The Thunderchief was a single engine, two-seat fighter-bomber, with afterburning capability. It housed an internal 20mm cannon, and had five external weapons stations. The F-105 represented a considerable upgrade over the slower, less capable F-100F Super Sabre. The Thunderchief was faster, more agile, carried more ordnance, and was considerably more durable. Nicknamed the "THUD", for the sound it made when hitting the ground on landing, the pilots that flew it loved it. Retired USAF Weasel pilot Colonel George Acree called the "THUD", " a great airplane" and it was these qualities that persuaded the Air Force to develop it as the next generation of Wild Weasel aircraft.

The F-105F was a two-seat trainer that was converted to fit the Weasel role. The AN/APR 25 set was added, and the new AGM-45 Shrike anti-radiation missile was fitted on the new Weasels to make it a formidable SAM killer. The Shrike missile was a short range, passive missile, which locked on to the signals emanating from the SAM's radar to guide it to its target. Although the Shrike was somewhat ineffective, it did afford the Weasel crews some standoff capability. A small weapons payload and limited range hampered the Shrike, but it was an upgrade on the earlier Weasel payloads.

The converted F-105F Wild Weasel was brought to Nellis AFB to begin its testing at the newly developed Wild Weasel school. New pilots and EWO's were brought in and they were trained in the F-105F. By May 1966, the new F-105F Weasels were deploying to Vietnam for duty. The new Weasels were designated Wild Weasel 3, and they would write a new chapter in the history of the Wild Weasels.
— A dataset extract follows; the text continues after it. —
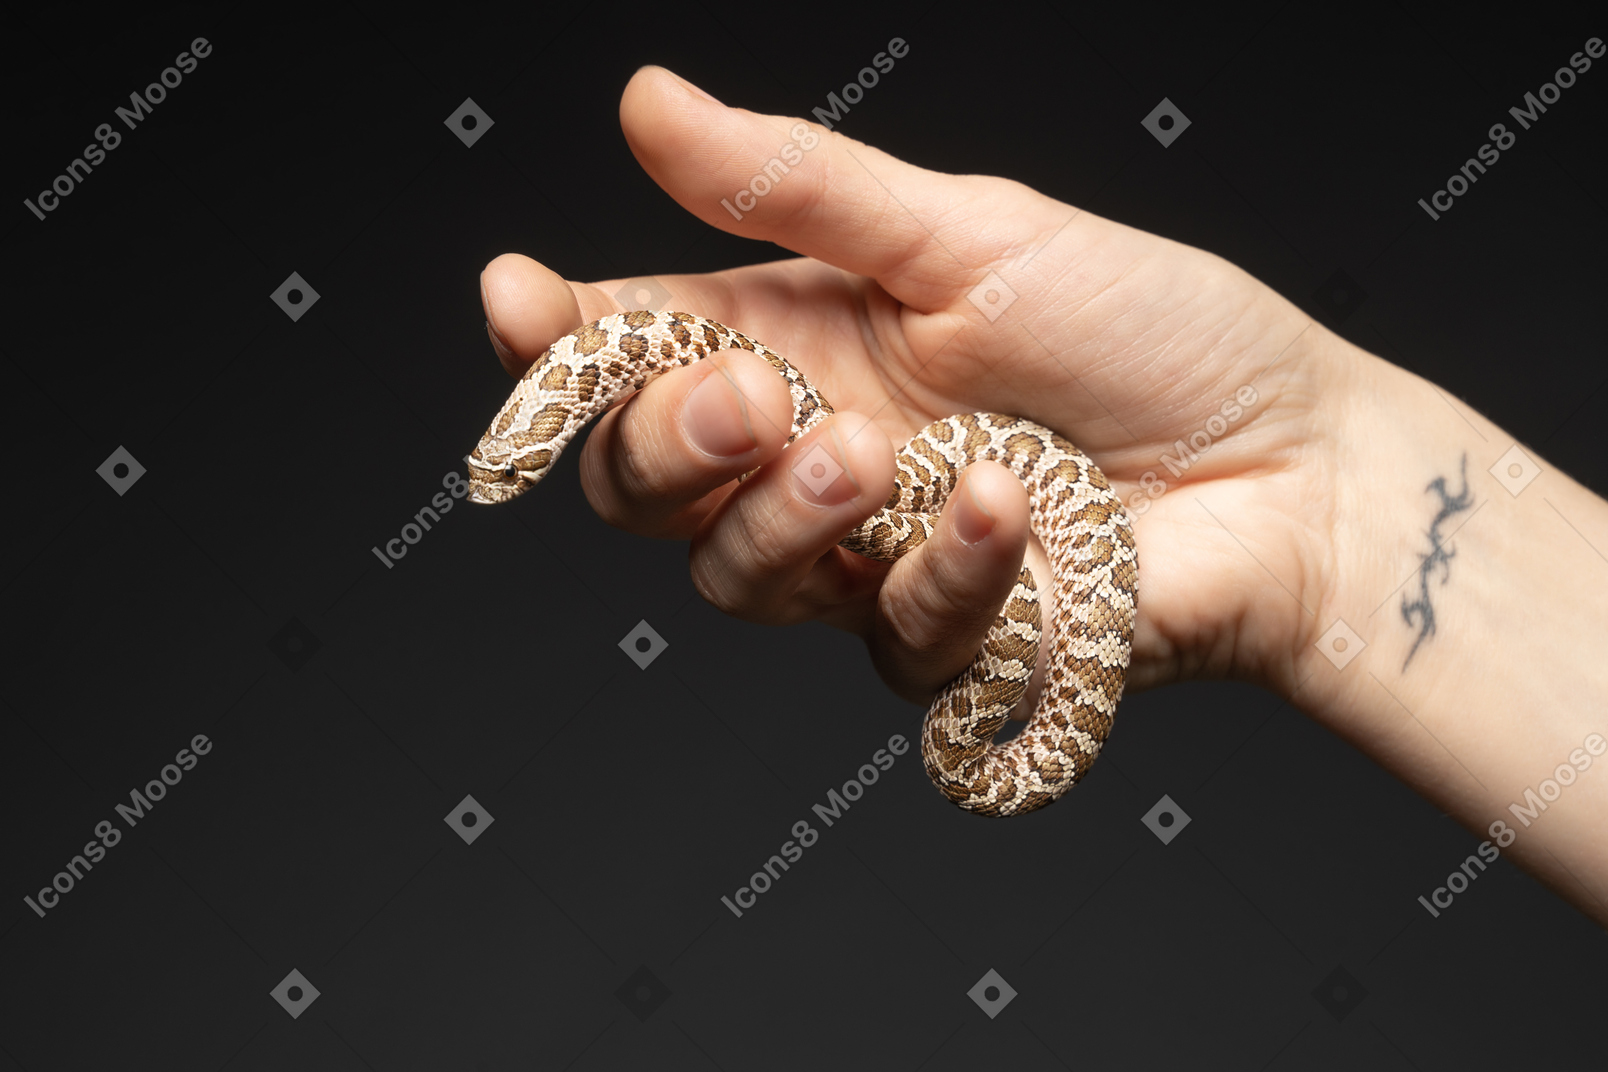 Little snake in human hand
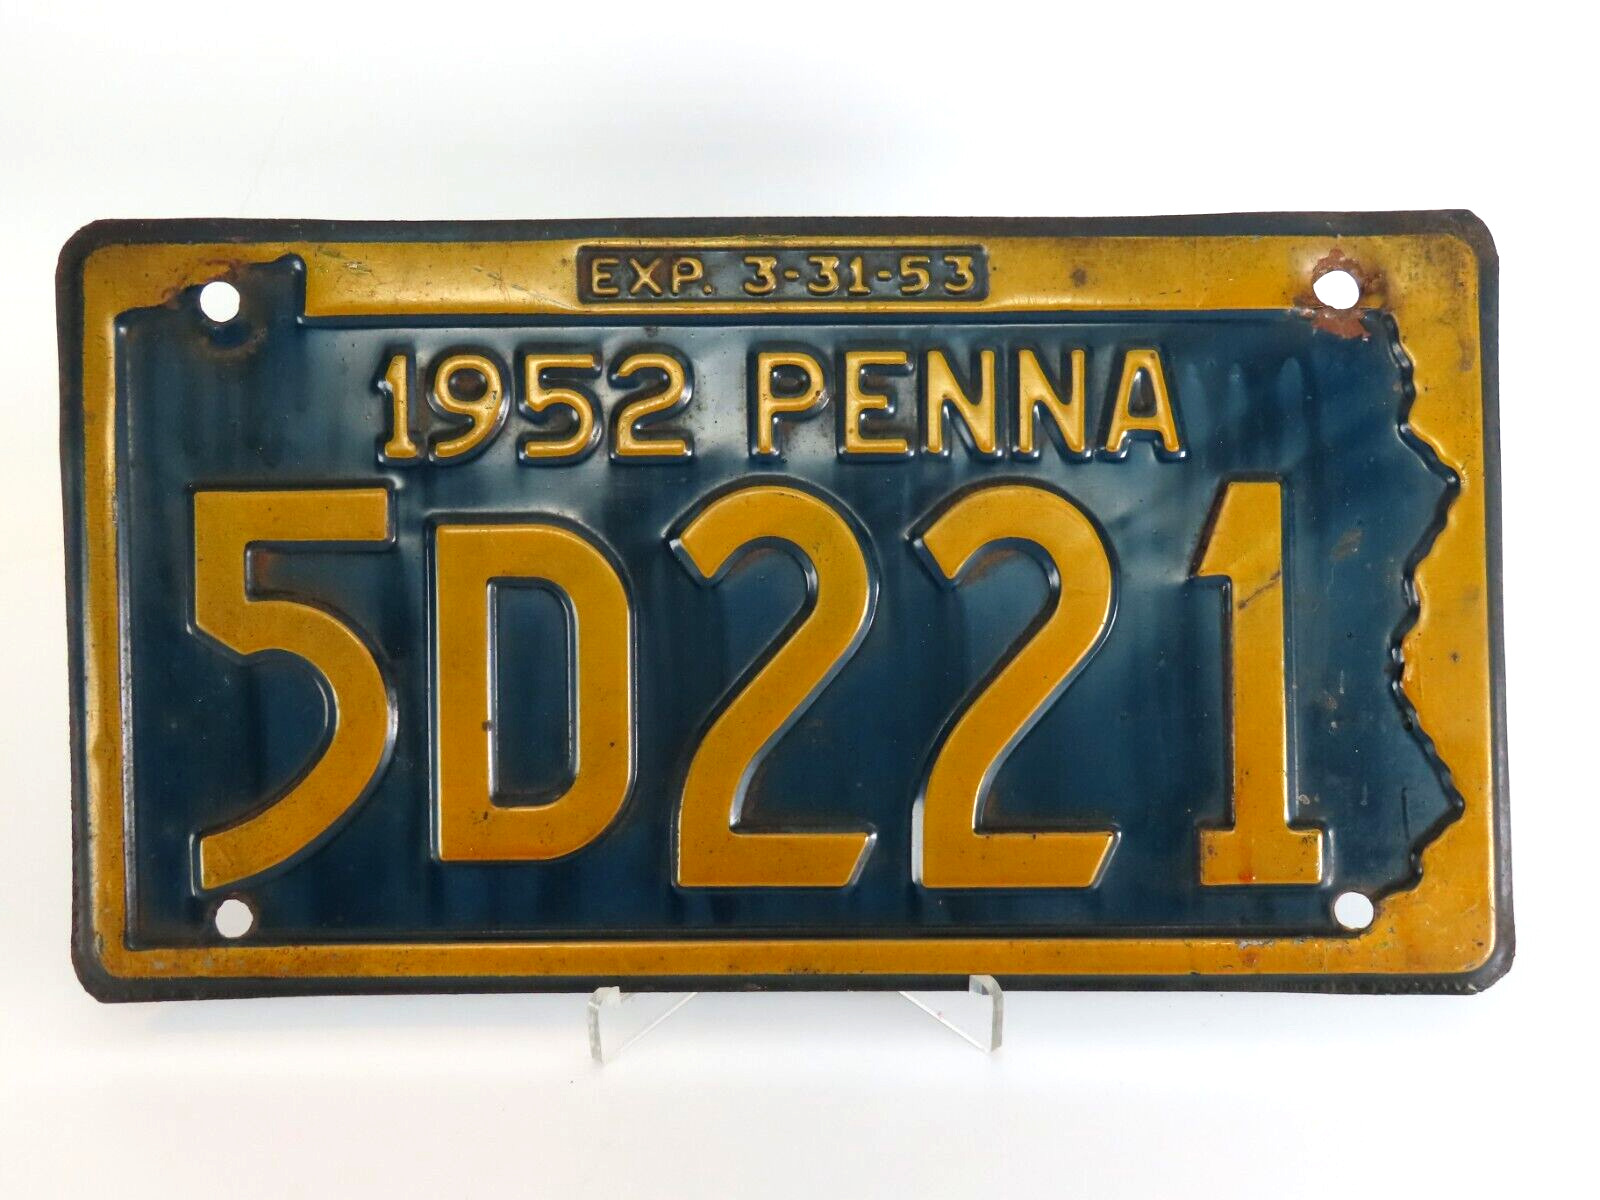 1952 Pennsylvania PA Car License Plate #5D221

The new F-105F Weasels deployed to Vietnam in May 1966, and began operations almost immediately. It was clear from the beginning that the F-105F was a significantly better suited aircraft for the Weasel mission. The Wild Weasels now had an aircraft that could keep up with the fighter-bombers and fighter escorts, which enabled them to execute their mission more effectively. However, the Air Force was not satisfied with the F-105F, and plans for upgrading the aircraft began. 

By early 1967, a new version of the Thunderchief was being introduced, the F-105G Wild Weasel. The F-105G was a converted F-105F, with advanced avionics and greater weapons capabilities. The AN/APR-25 RHAW was replaced by an upgraded version, and a replacement for the ineffective Shrike missile was being developed. The AGM-78 Standard anti-radiation missile had an improved seeker head and almost four times the range of the Shrike missile, giving the Weasel pilots much improved standoff capability. The Standard Arm was deployed on the F-105G in 1967, but wasn't readily used until 1972 because of the halt in bombing over North Vietnam. For the Weasels, this was good news, as the equipment and the tactics were getting better, making their jobs a little easier.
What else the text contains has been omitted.